There are many composition tools available to students. They can compose with paper and pencil at the keyboard, guitar, or a melody instrument or work with friends to develop a live performance. They can use score notation programs with record features to help with transcriptions or DAW2 track notation and video programs to create layers of sound. Any tool that a composer uses provides affordances, things that it can help the composer do, and also limitations, things that are difficult or impossible. For example, writing on staff notation at the keyboard allows for students to play chords and melody as well as sing to hear themselves, as well as seeing how melodies, harmonies, and accompaniment fit vertically. However, they may find this form of transcription inordinately time-consuming or may not have keyboard skills to play what they can hear with their inner ears. Conversely, the loops in track programs make beats and chord progressions easy to create but students may not have the knowledge to name the chord progressions they hear in packaged form nor the skill to build more complex musical forms. The teacher should think carefully about the tools to teach and provide for each composing exercise for the affordances and limitations that it brings.
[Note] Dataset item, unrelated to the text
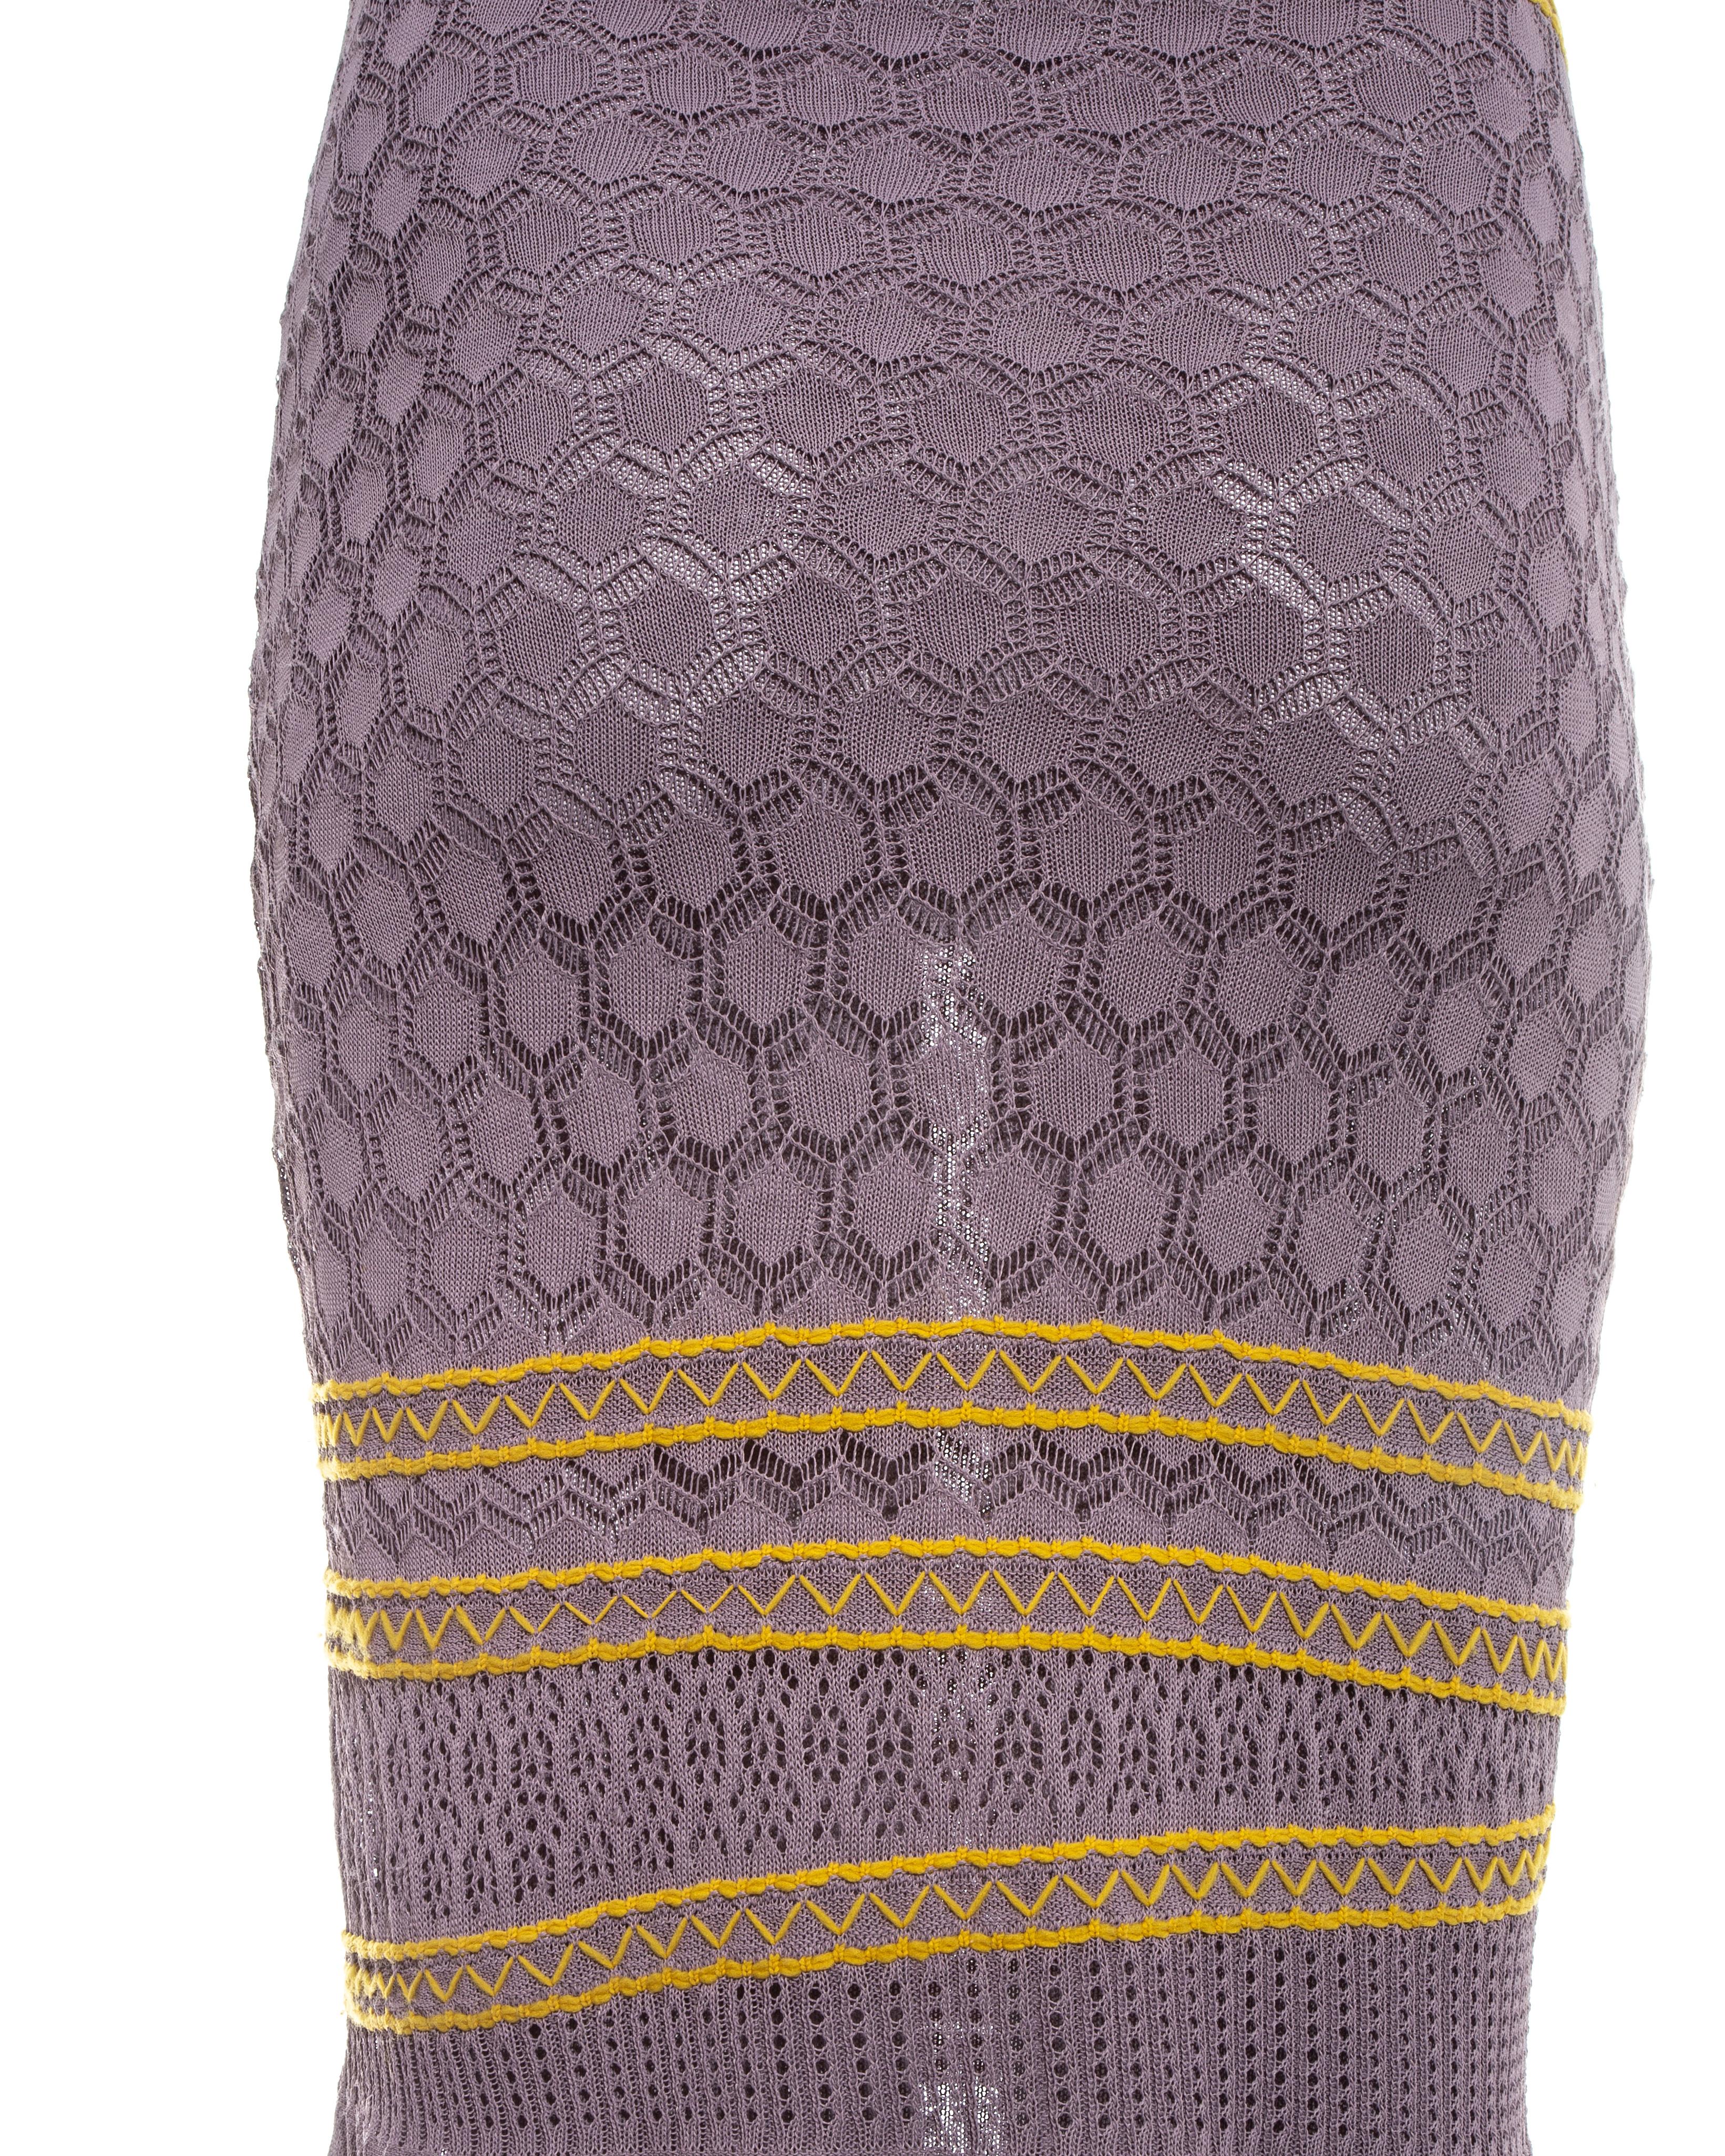 Christian Dior by John Galliano violet knitted slip dress, ss 2000 2

The teacher should always add an element of reflection for students to consider how they make creative decisions, the criteria they bring to bear in determining more or less successful explorations, and the relative success of compositional products toward their artistic intent. Paper and electronic journals can be as useful as in-person discussions and allow students to share their reflections during the creative process with the teacher. Students can also use journals to write down ideas about their interpretations and intent for texts, and to map out creative musical ideas involving scansion, melody, form, chord progressions, and voicing.
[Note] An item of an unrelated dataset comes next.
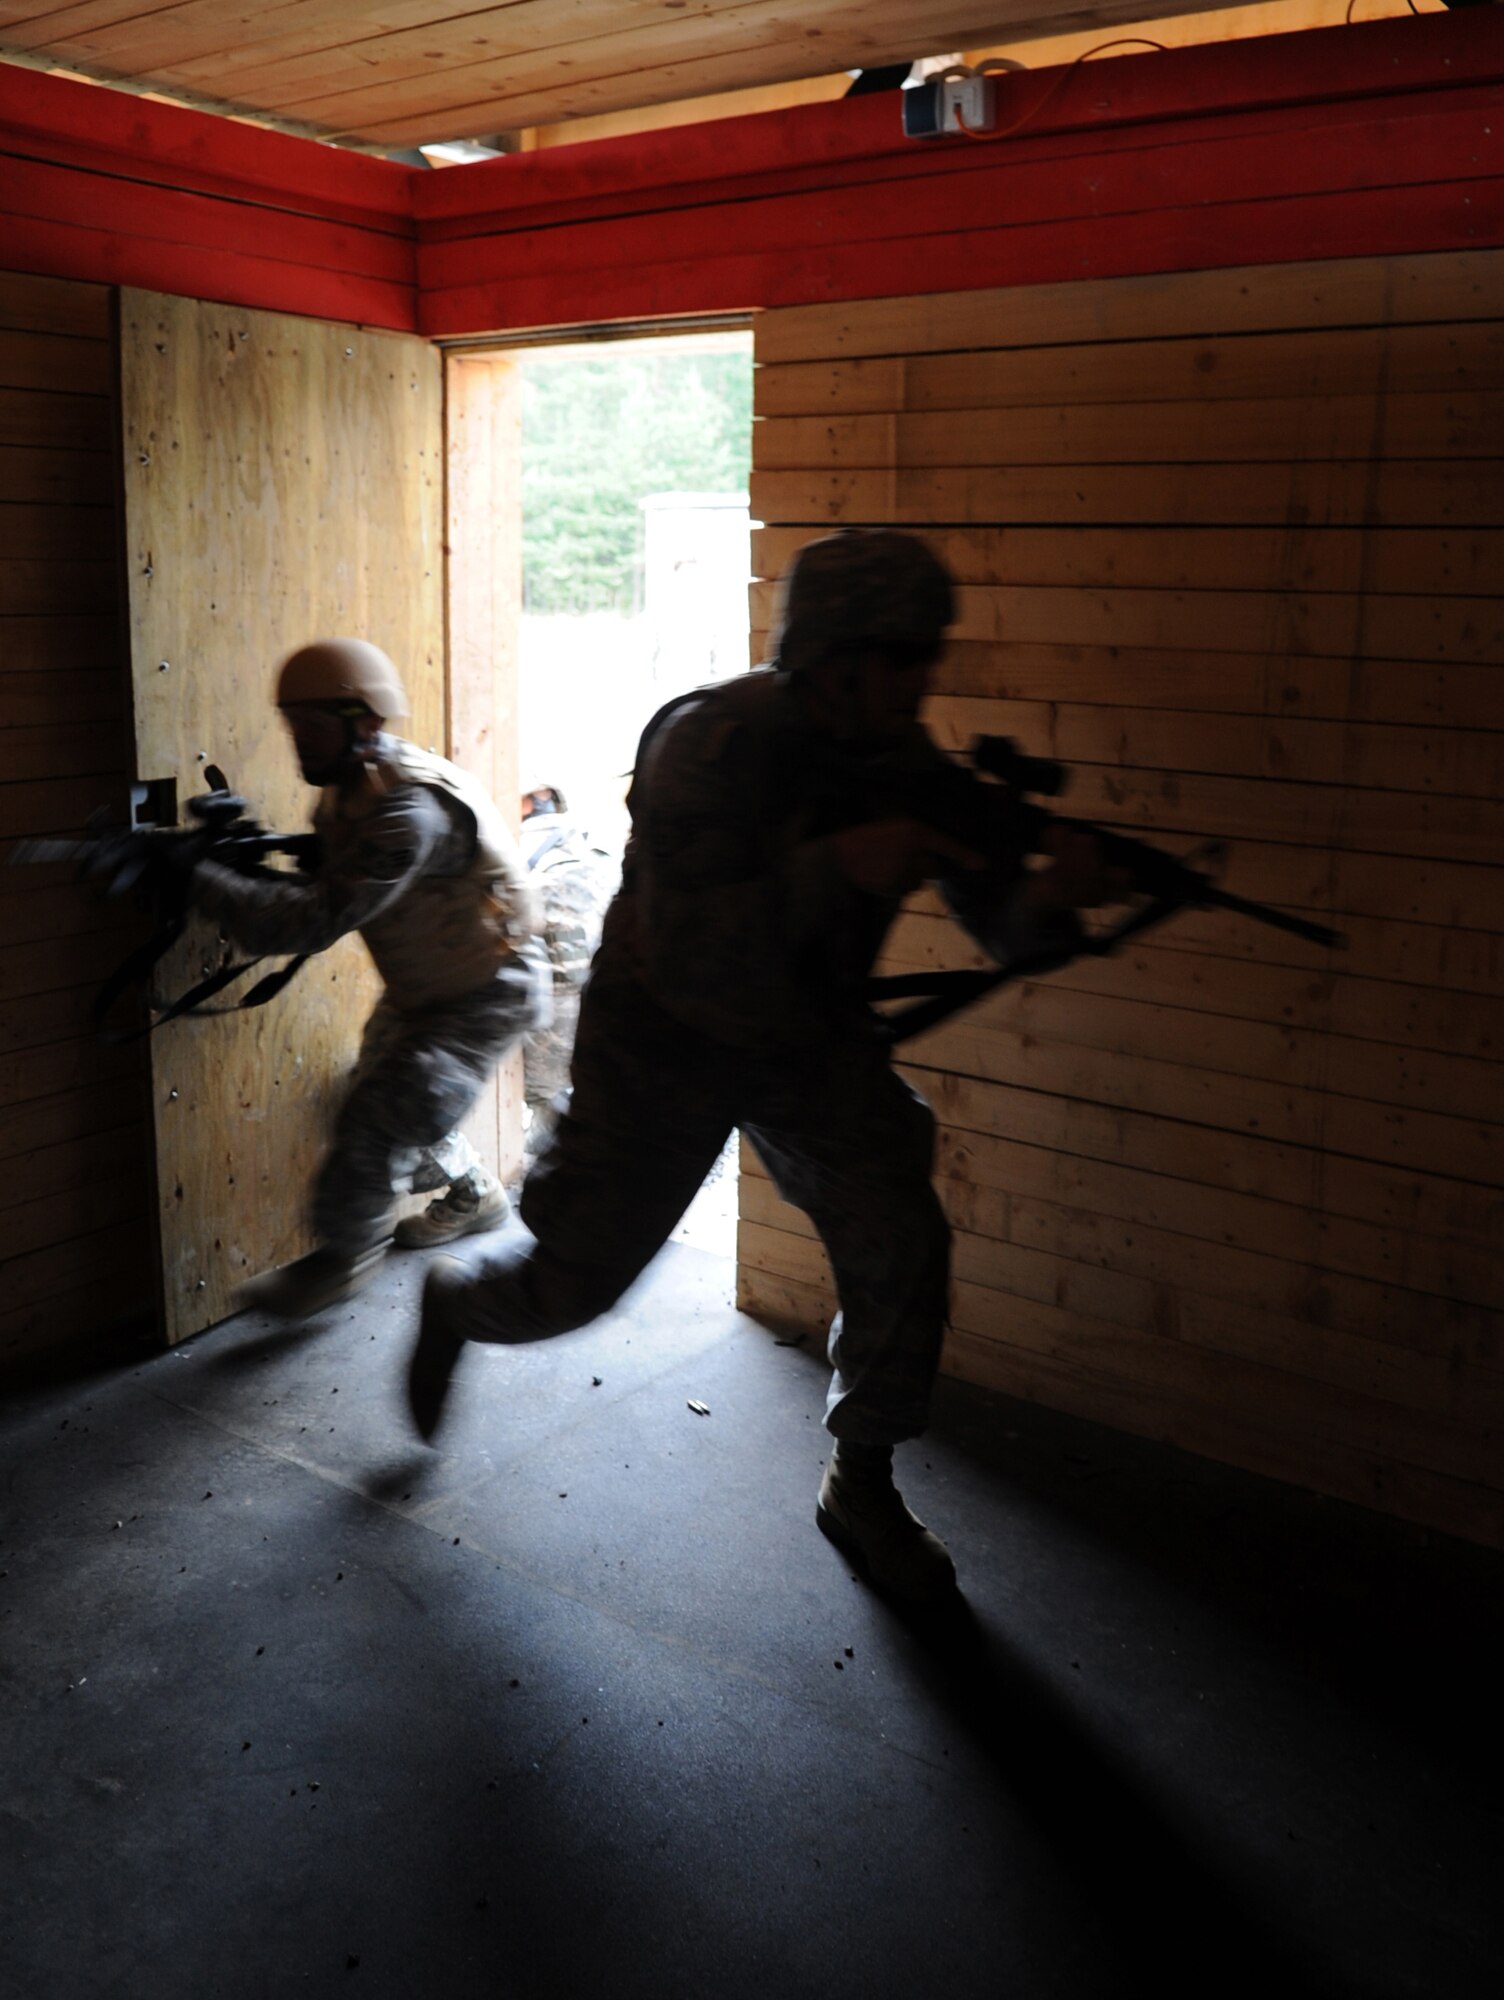 U.S. Air Force Airmen participate in an urban close combat training scenerio, clear a building during exercise ALLIED STRIKE 10, Grafenwoehr, Germany, July 26, 2010. AS 10 is Europe's premier close air support (CAS) exercise, held annually to conduct robust, realistic CAS training that helps build partnership capacity among allied North Atlantic Treaty Organization nations and joint services while refining the latest operational CAS tactics. For more ALLIED STRIKE information go to www.usafe.af.mil/alliedstrike.asp. (U.S. Air Force photo by Senior Airman Caleb Pierce)

Students must hear what they create, and preferably with live voices, in order to be able to evaluate their creative efforts. Teachers should record and store student performances of compositions for reflection and feedback. Young composers should be encouraged to revise and rework creations after teacher, peer, and self-feedback, allowing for the mental “cooking” thought processes to bear fruit (Stroope, 2007).
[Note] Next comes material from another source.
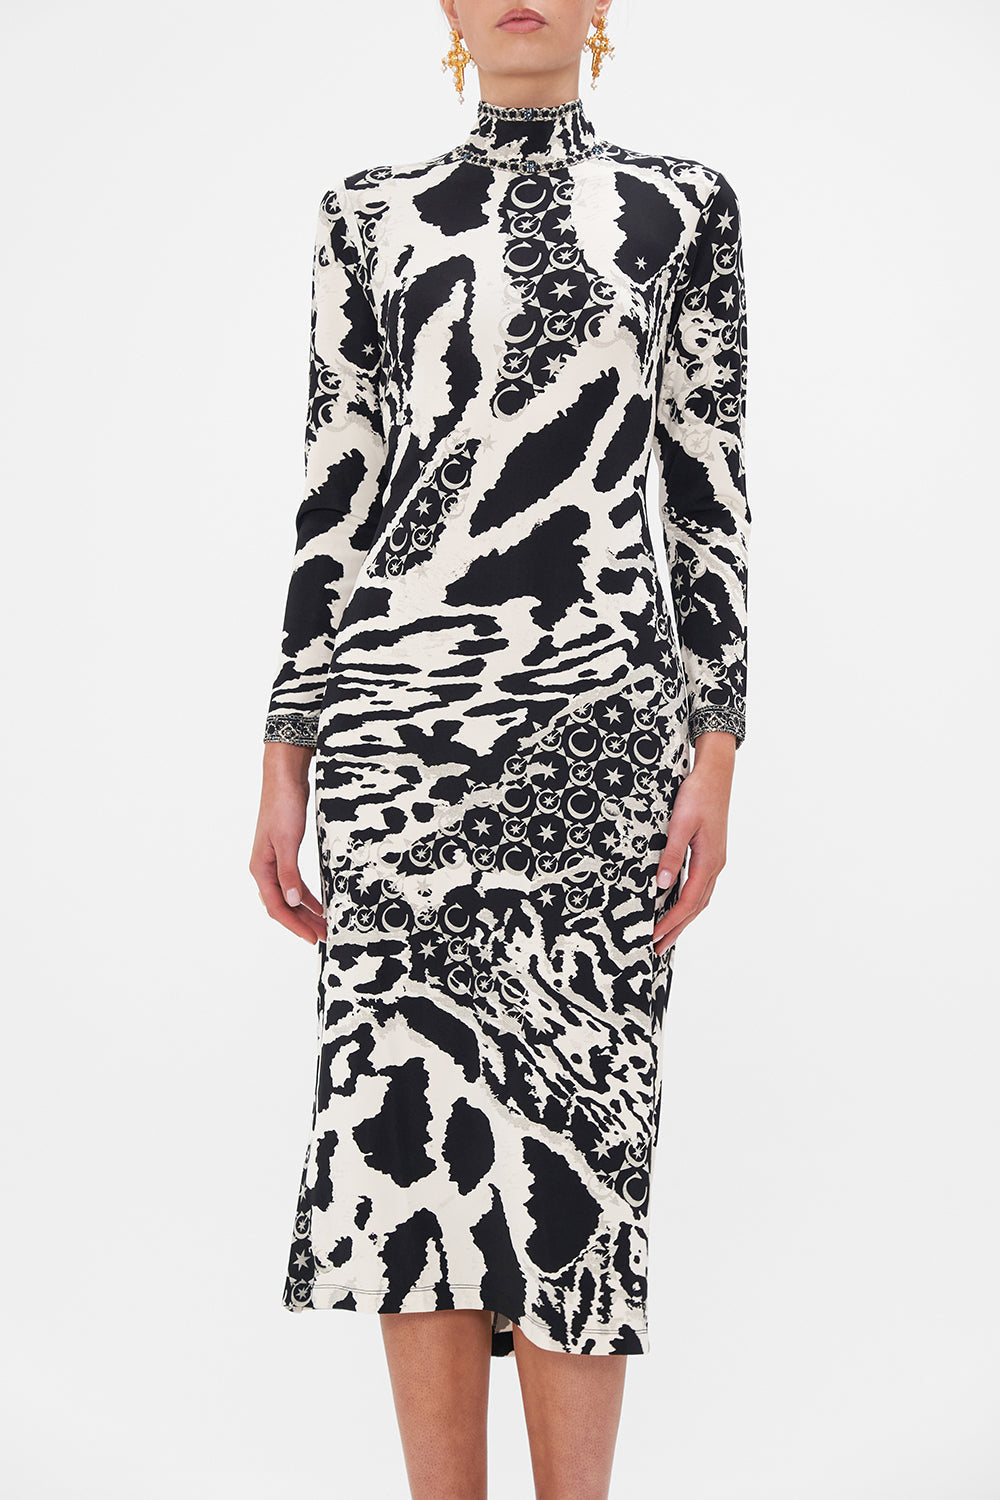 Crop view of model wearing CAMILLA black and white jersey midi dress in Feline Fantasy print

Performance and recording can become cumbersome; a single composition project with a choir of 75 students could take a year to read and record! Instead of full-choir performances of individual works, teachers can assign chamber groups to rehearse and perform each other’s creations, giving projects for specific voice groupings so everyone can create and perform. Project groups will allow post-performance reflection so individuals can learn how their creation works for the voices in their chamber group and how the arrangement of consonants and vowels supports or deters from their artistic intent because of either rhythm or vocal range. It will be best for project groups to work together for several projects so students can develop a supportive community for each other.